We have abundant evidence that these observations are peculiarly pertinent to the doctrine of charitable uses. The inquiry as to them is complicated by the additional difficulty of determining how far the powers exercised by the courts of equity were referable to prerogative and cy pres. The result of unwearied and exhaustive research has only been to widen the diversity of judicial and professional opinion.
The sources of information now mainly relied on by those who maintain the original jurisdiction of chancery in cases of charity, were not accessible to the legislature of 1788, and cannot be supposed to have influenced their action. It is scarcely probable that the more recent developments, if seasonably made, would have been more satisfactory to them than they have proved to the judicial tribunals. They led the majority of this court to one conclusion in the case of Williams v. Williams, and to an opposite conclusion in the subsequent case of Owens v. The Missionary Society. The Supreme Court of the United States held, in the case of the Baptist Association v. Hart's Executors, that chancery had no such inherent jurisdiction prior to the statute of Elizabeth. (4 Wheat., 1.) The dicta of Judge STORY in the Girard will case indicate that he had serious difficulty on the question, and that he inclined to a different opinion. (2 How. U.S., 192.) That the court did not share his doubts, is shown by the reaffirmance of the conclusion of Chief Justice MARSHALL by his successor in office, in the case of Fontain v. Ravenel, decided since the judgment in the Williams case. (17 How. U.S., 388.)
A similar diversity has prevailed to some extent in the English courts; but the better opinion seems to have been, that such jurisdiction as chancery exercised prior to the statute of Elizabeth in cases of charity, was deduced from the royal prerogative; and such as it exercised afterward was in effectuating gifts, which in that statute received the specific sanction of the legislative department of the government. Such was the conclusion of Judge WRIGHT in the Yates and the Levy cases; of Judge DAVIES in the Downing case; of Judge SELDEN in the Owen case; of Chief Justice MARSHALL in the case of the Baptist Association, and of Chief Justice TANEY and Judge McLEAN in the case of Fontain v. Ravenel; and in that conclusion they were fortified by the highest judicial authorities in England. (9 Barb., 338, 339; 4 Kern., 380; 23 How., 4; 4 Wheat., 1; 17 How. U.S., 369; 3 Sandf., 351; 3 Vesey, 714; Hobart, 136; 2 Black. Com., 374; Shepard's Touchstone, 589; Saunders on Uses, 58, 389; Lewin on Trusts, 105; 1 Vernon, 226; 2 id., 387; 9 Vesey, 320, 400; 7 Simons, 352; 1 Turner Russell, 260; 1 Mylne Craig, 286; 2 Story's Eq. Jurisp., §§ 1142-1144.)

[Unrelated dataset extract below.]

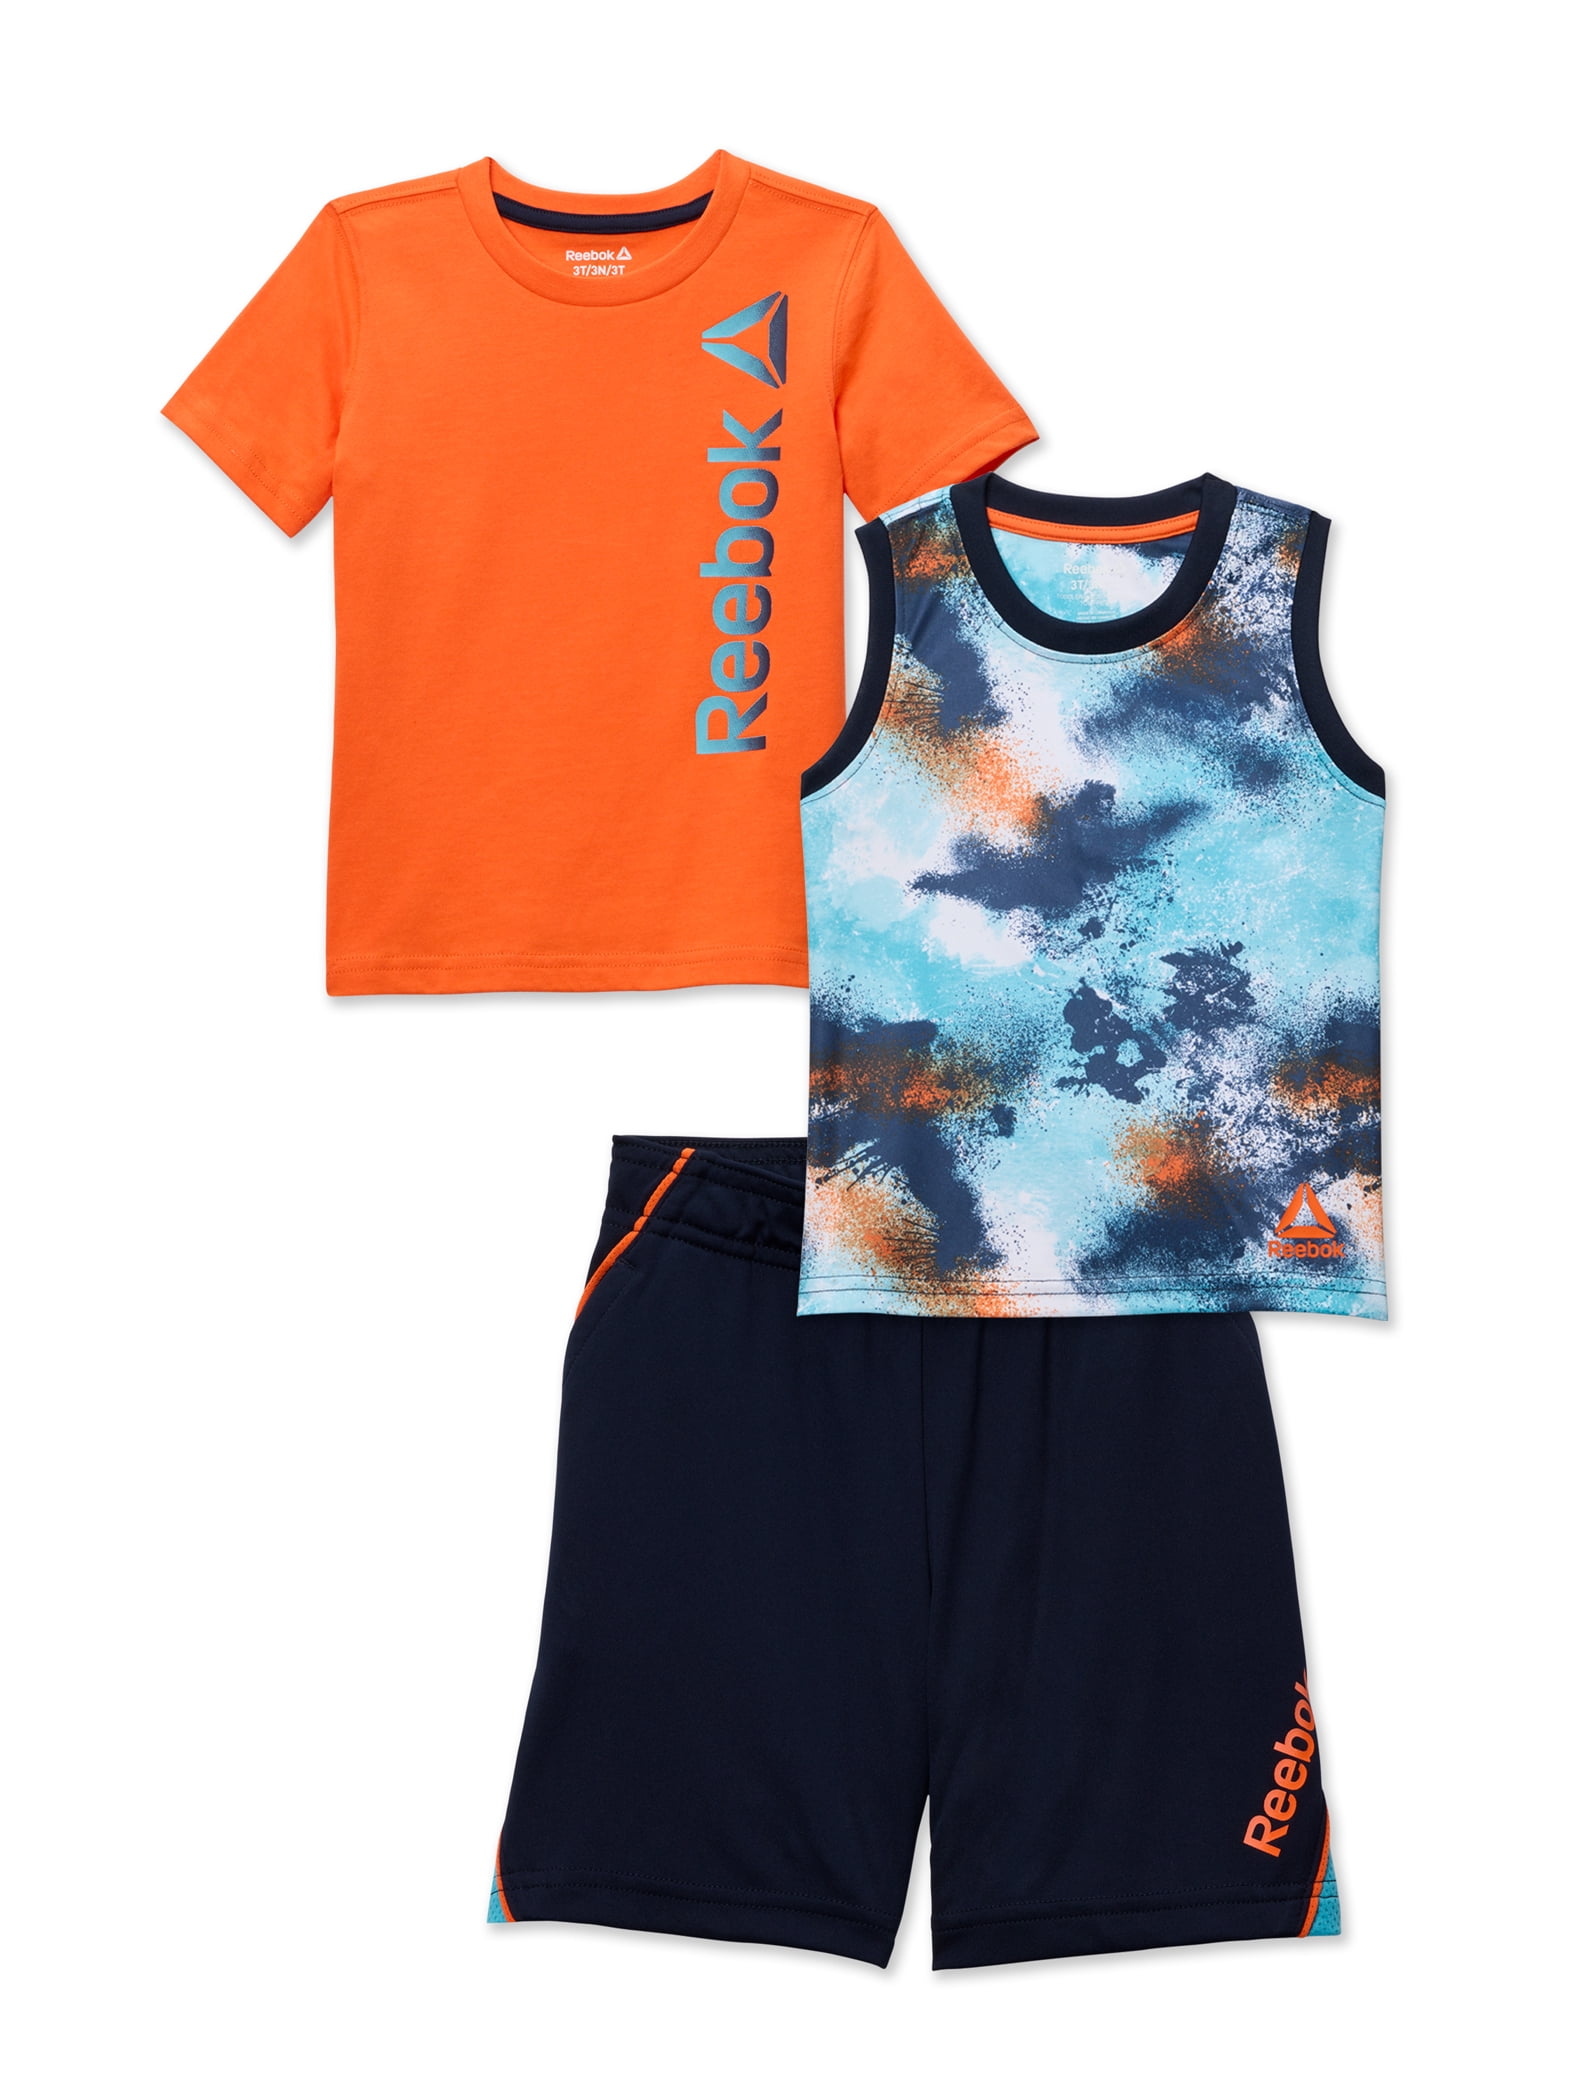 vraag naar ~ kant Vloeibaar Reebok Baby and Toddler Boy T-Shirt, Tank Top, and Shorts Outfit Set,  3-Piece, Sizes 12M-5T - Walmart.com

It is clear, then, that the legislature of 1788 had a right to assume that irrespective of prerogative and cy pres powers, to which the courts of equity of this State have no claim, the system of charitable uses then existing in England rested on the authority of the statute of 43 Elizabeth. That the system, in the modified form in which it had thus been sanctioned by the English parliament, was fraught with infinite mischief and abuse, was not only matter of familiar public history, but was set forth in the preamble of the mortmain act of 9 George II, which was adopted in 1734; and which furnished emphatic evidence of the pernicious tendency of such uses under the statute of Elizabeth, as attested by the experience of the intervening century. The first clause of the act is in these words: "Whereas gifts or alienations of lands, tenements or hereditaments in mortmain, are prohibited or restrained by Magna Charta and divers other wholesome laws as prejudicial to and against the common utility; nevertheless, this public mischief has of late greatly increased by many large and improvident alienations or dispositions made by languishing or dying persons, or by other persons, to uses called charitable uses, to take place after their deaths, to the disherison of their lawful heirs; for remedy whereof be it enacted," c. (6 Statutes at Large, 246.)

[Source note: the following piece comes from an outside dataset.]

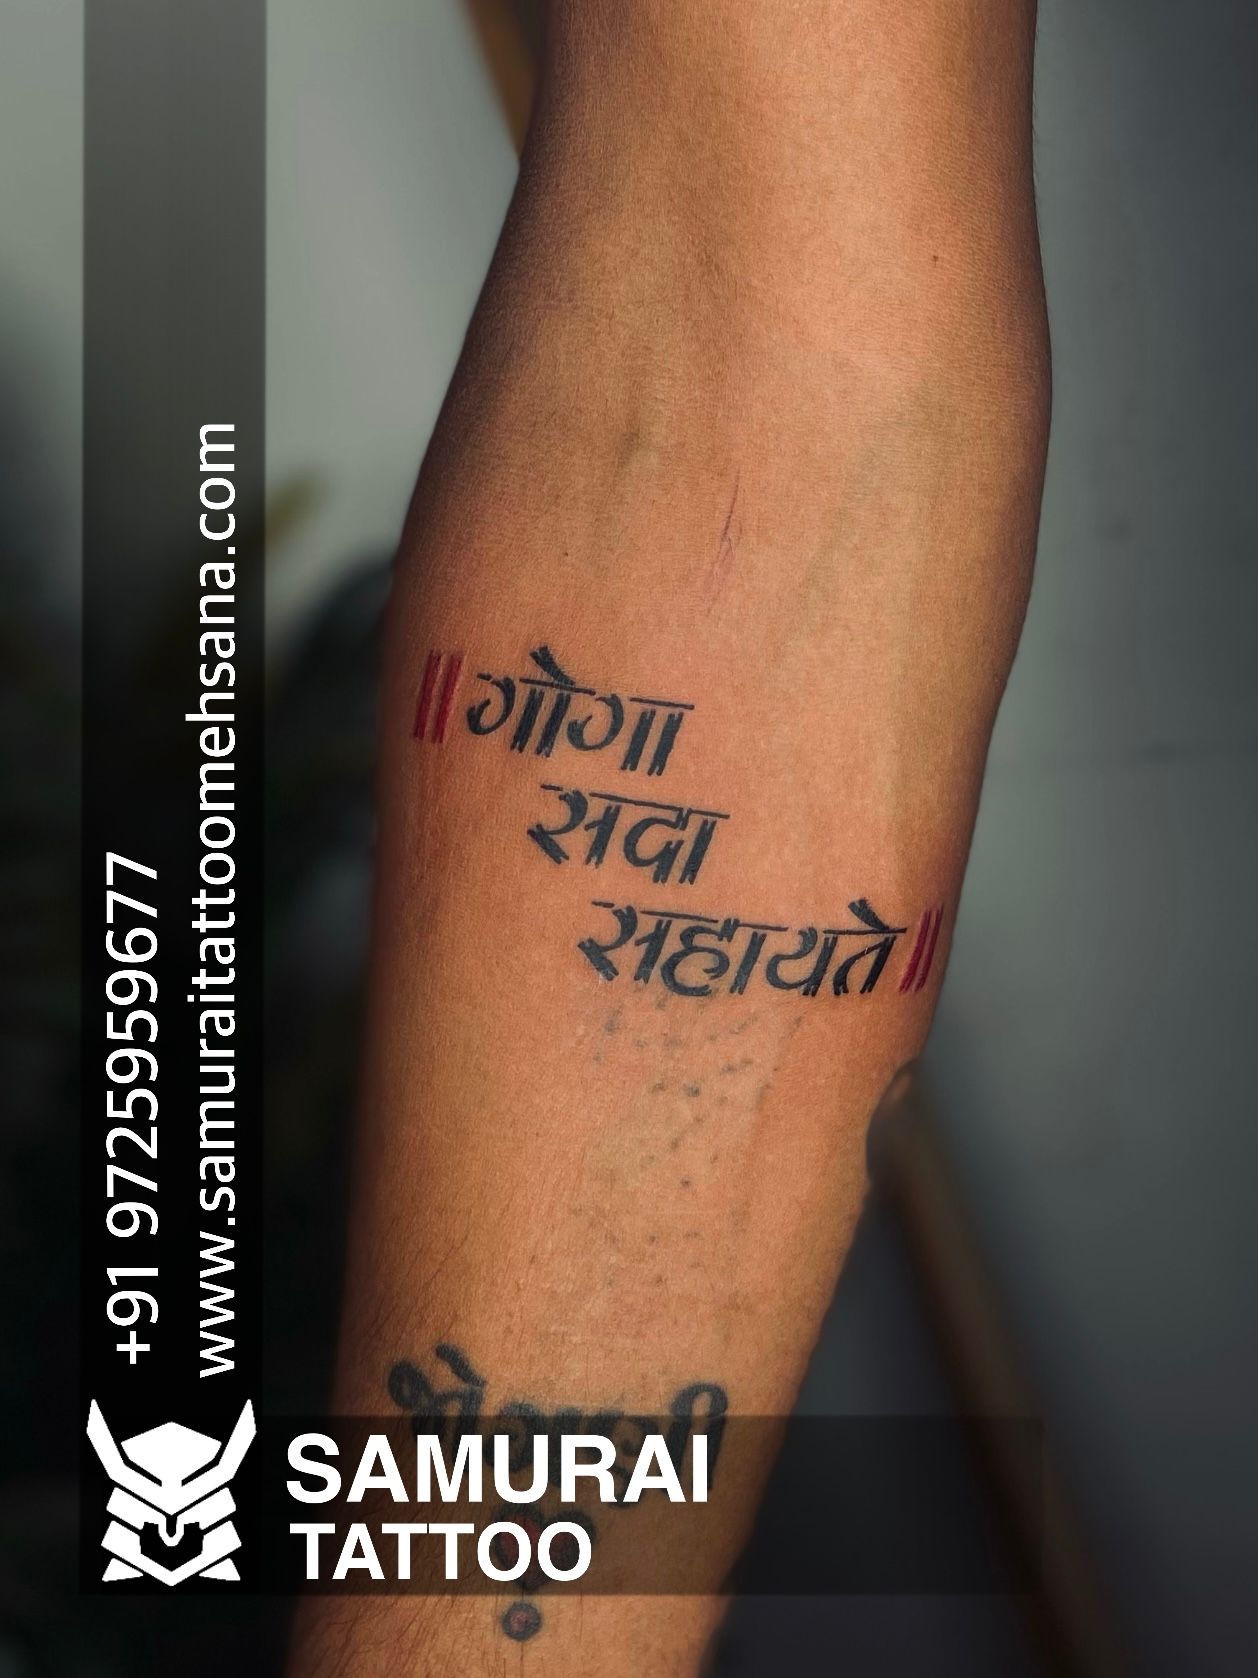 goga maharaj tattoo - YouTube

The legislature of this State could not fail to see that the earlier English system of charity, which was superseded and displaced by the statute of Elizabeth, was fragmentary and disjointed; that it was obscure in its origin, incongruous in its theory, and disastrous in its tendency; that it had been discarded as an excrescence upon the common law, inappropriate even to a government in which the crown and the mitre were in mutual alliance and dependence; and that it would be still more unsuited to a commonwealth, in which by the fundamental law every religion is free, and ecclesiastics, of whatever creed, are subject to no restraint except those imposed by general legislation. They were engaged in founding institutions appropriate to a free state, and in cutting loose from such as had proved, in the mother country, beneficial to class interests, but hindrances to the prosperity of the general mass of the community. They had been warned by the experience of their ancestors that the free alienability of property is as essential to the healthful condition of a State as the flowing of the tides to the purity of the sea, or the circulation of the blood to animal life.

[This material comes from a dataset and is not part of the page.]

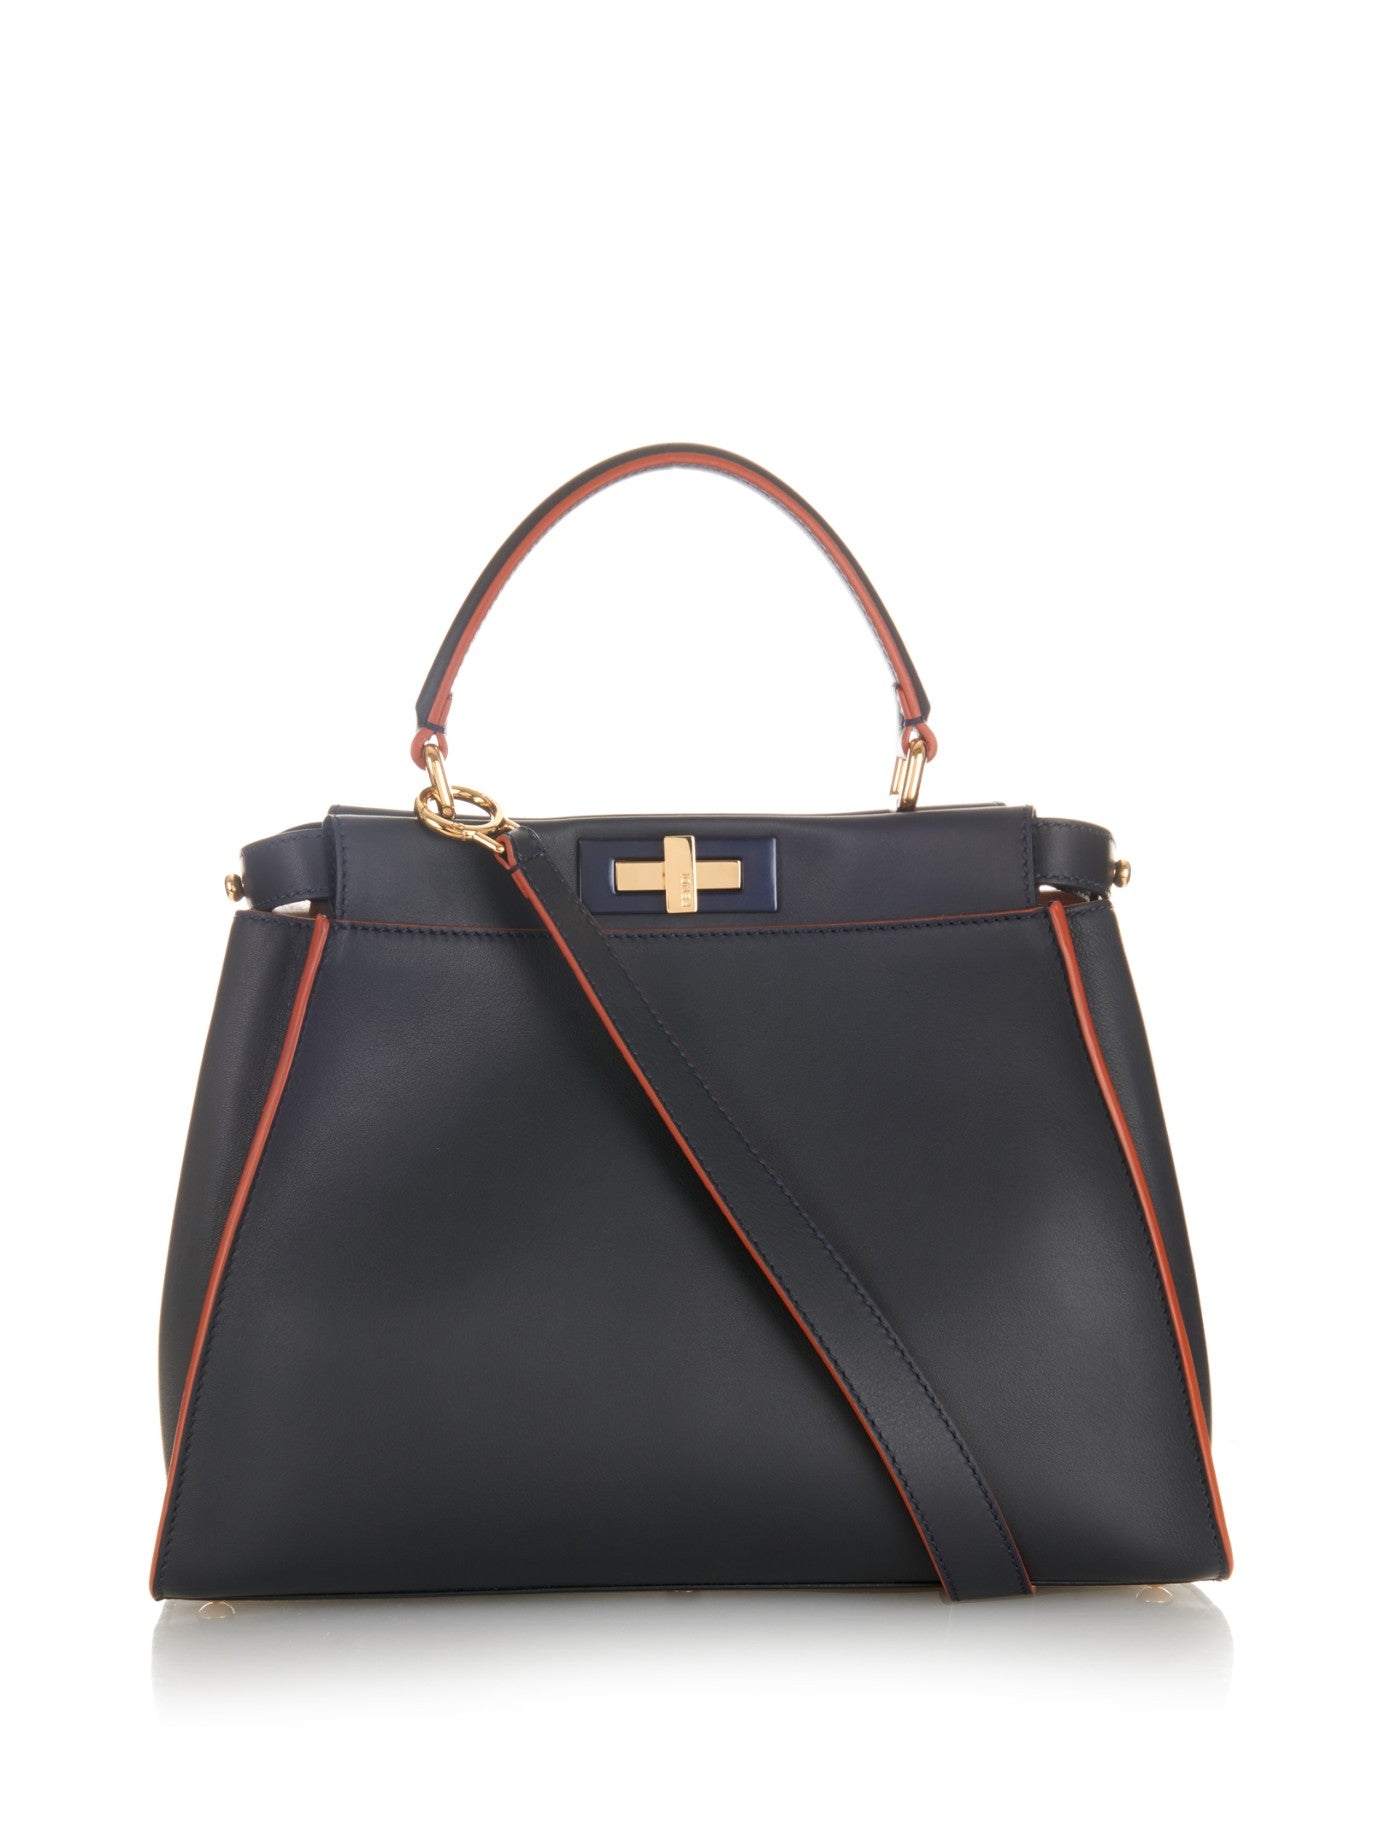 Re-sell Your Fendi Handbags Online | Rebag

They found a system of charities existing in England, aggressive and pernicious in its tendencies, and condemned by parliament in the successive laws by which it was restrained. They applied the appropriate remedy, by a simultaneous appeal of the enabling and restraining acts; which, with the aid of cy pres and prerogative, constituted the charity code of the realm. By this inchoate act of the State government a new policy was inaugurated. It was not merely the rescission of certain British statutes. It was the abrogation of a system which had been tried and condemned. It was not the revival of a more ancient and odious system, but a casting off of the English law of charitable uses, as an unseemly outgrowth of ecclesiastic innovation and abuse. In that direction our earlier statesmen took no backward steps.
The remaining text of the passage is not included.